Small and mid-sized dairy farms that are already at or near carbon-neutral could show smaller reductions for the industry to harvest.
Conversely, the largest dairies installing the newest biogas systems are realizing even this route could become a dead-end because the credits are signed over and sold for big bucks, a few bucks get kicked back to the dairy, but the methane capture becomes the property of other industries outside of the dairy supply chain.
If the industry does not act now to stop the NZI train for a period of re-examination, adjustment and correction, then the current trajectory may actually move food companies clamoring for reductions ever closer to alternatives and analogs that boast their climate claims solely on the fact that they are produced without cows.

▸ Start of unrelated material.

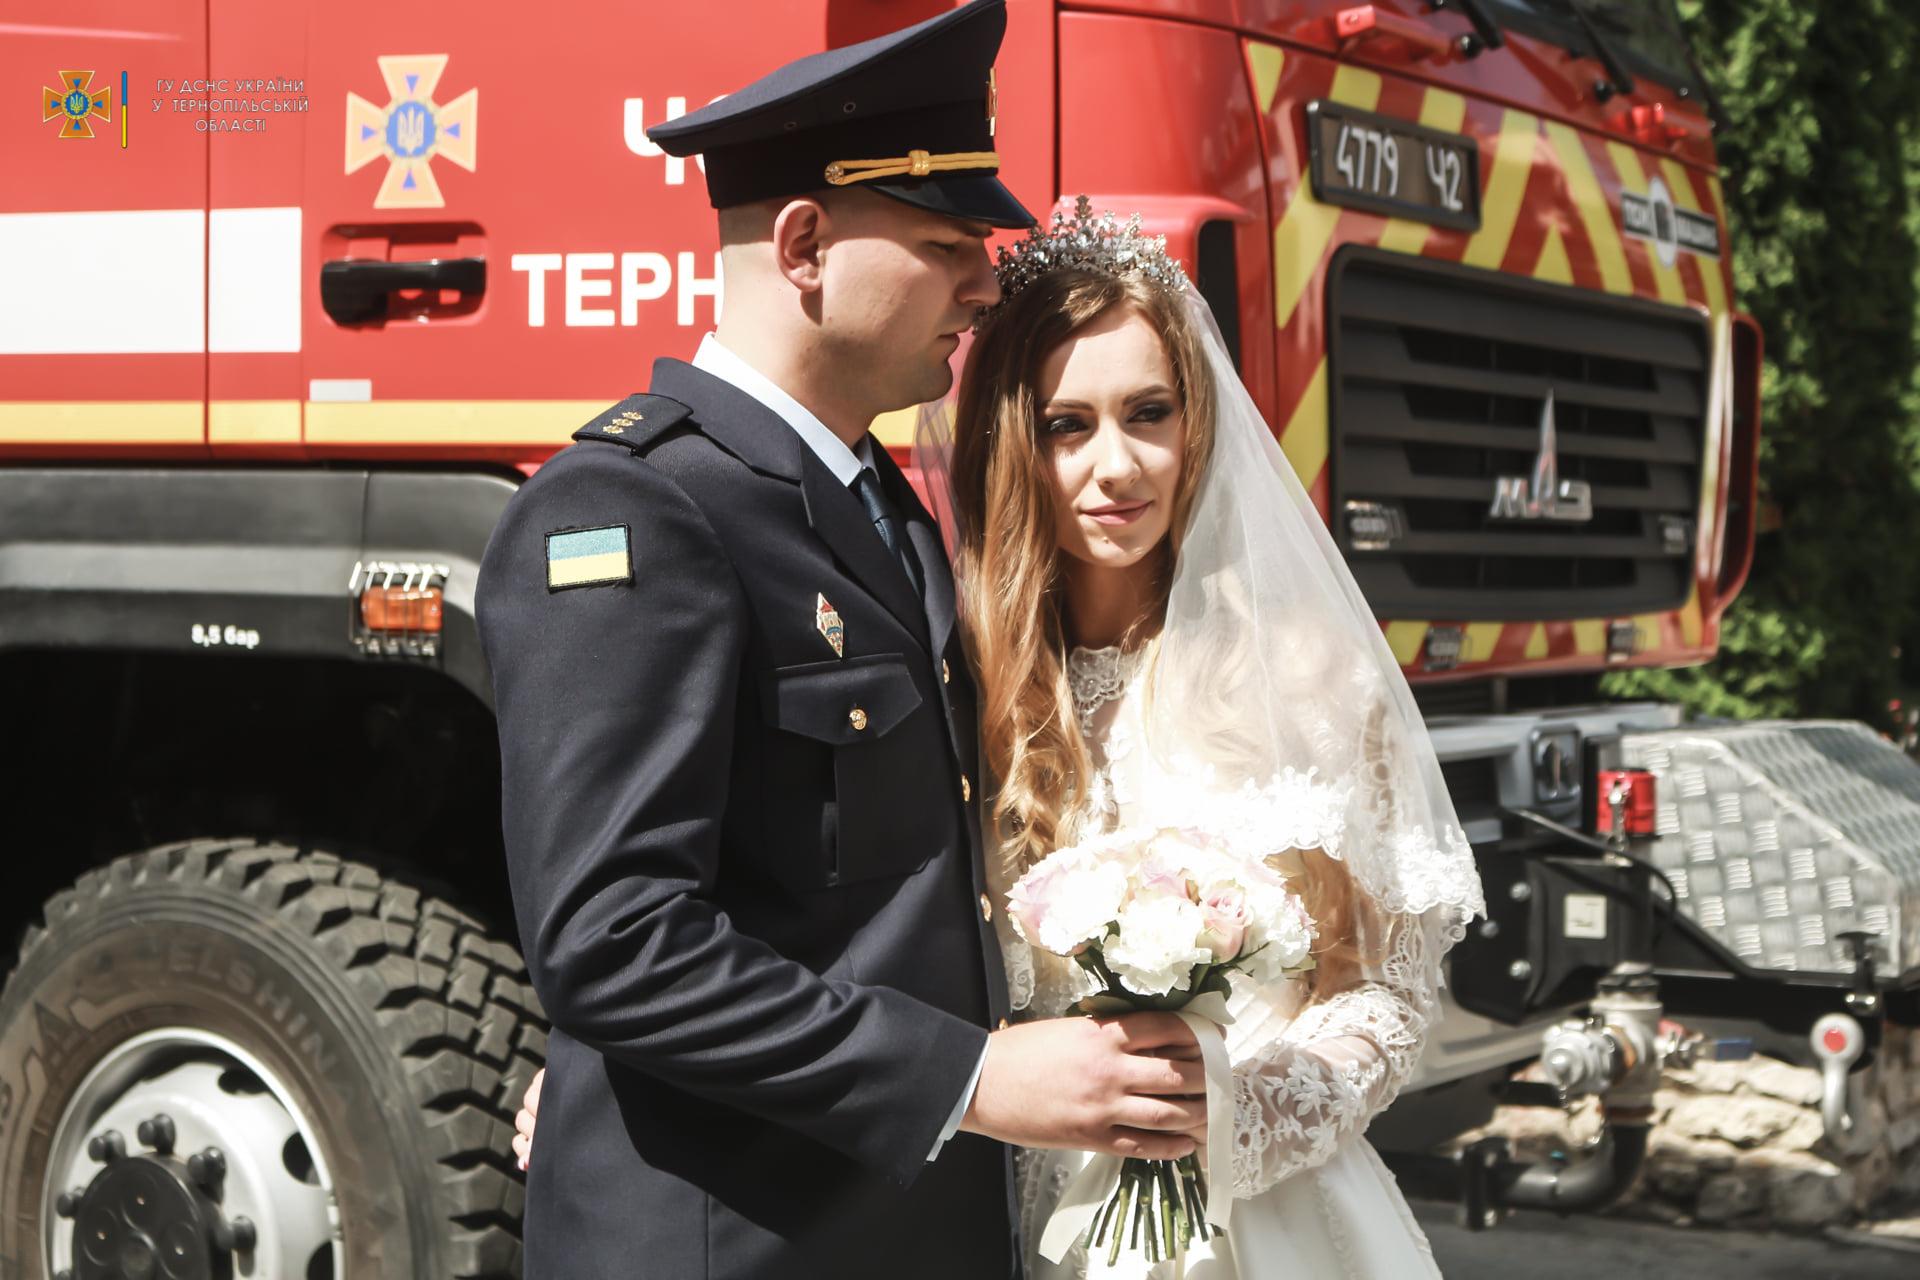 Пожежна машина, сирени та маячки: у Тернополі одружились рятувальники

This is a big money game that is operating off the backs of our cows, and the checkoff has been at best complicit as a driver.
RNG (renewable natural gas) operators are signing up large (3000+ cows) dairies left and right for digesters and covered lagoons to capture methane piped to clustered scrubbing facilities to be turned into renewable fuel for vehicles or electricity generation. Meanwhile dairy protein analogs are being created without cows by ‘precision fermentation’ startups partnering with the largest global dairy companies.
In turn, millions if not billions of dollars in carbon credits are generated while farmers and their milk buyers will be left figuring out how to show their reductions when they are left holding the inflated methane bag.
Six organizations, four of them non-profits under the DMI umbrella, officially launched the Net Zero Intitiative (NZI) in the fall of 2019, five months after Ag Secretary Tom Vilsack made headlines talking about it in a Senate hearing while he was pulling down a million-dollar salary as a DMI executive in 2018.
NZI is the proclaimed vehicle for negotiating the terms for U.S. Dairy to continue, terms based on showing carbon reductions that many family farms may find difficult to meet — especially if the farm is already at or close to carbon neutral.
As DMI’s sustainability negotiators data-collect all previous reductions into farm-by-farm comprehensive baseline estimates, where will those farms find new reductions?
According to DMI staff, over 2000 dairy farms have already gone through their environmental stewardship review via the FARM program to establish their “comprehensive estimates.”
The six organizations, four of them filing IRS 990s under the national dairy checkoff, that launched NZI are: Dairy Management Inc. (DMI), Innovation Center for U.S. Dairy, U.S. Dairy Export Council (USDEC) and Newtrient, along with the other two organizations being National Milk Producers Federation (NMPF), and International Dairy Foods Association (IDFA).
They have collectively bought-into the global definition that inflates the CO2 equivalent used for methane, effectively committing the cow to perpetual GHG purgatory.
Because the NZI structure is based on continually showing GHG reductions, no farm is insulated with a get-out-of-jail-free-key — not even the largest farms with the most advanced biogas systems.
Why haven’t checkoff funds been used to defend the cow – to get the numbers right, to get the current practices farmers have invested in counted toward reductions not baselines, and to get the methane CO2 equivalent correct — instead of giving in to this notion that feels an awful lot like ‘cows are bad and we are committed to making them better?’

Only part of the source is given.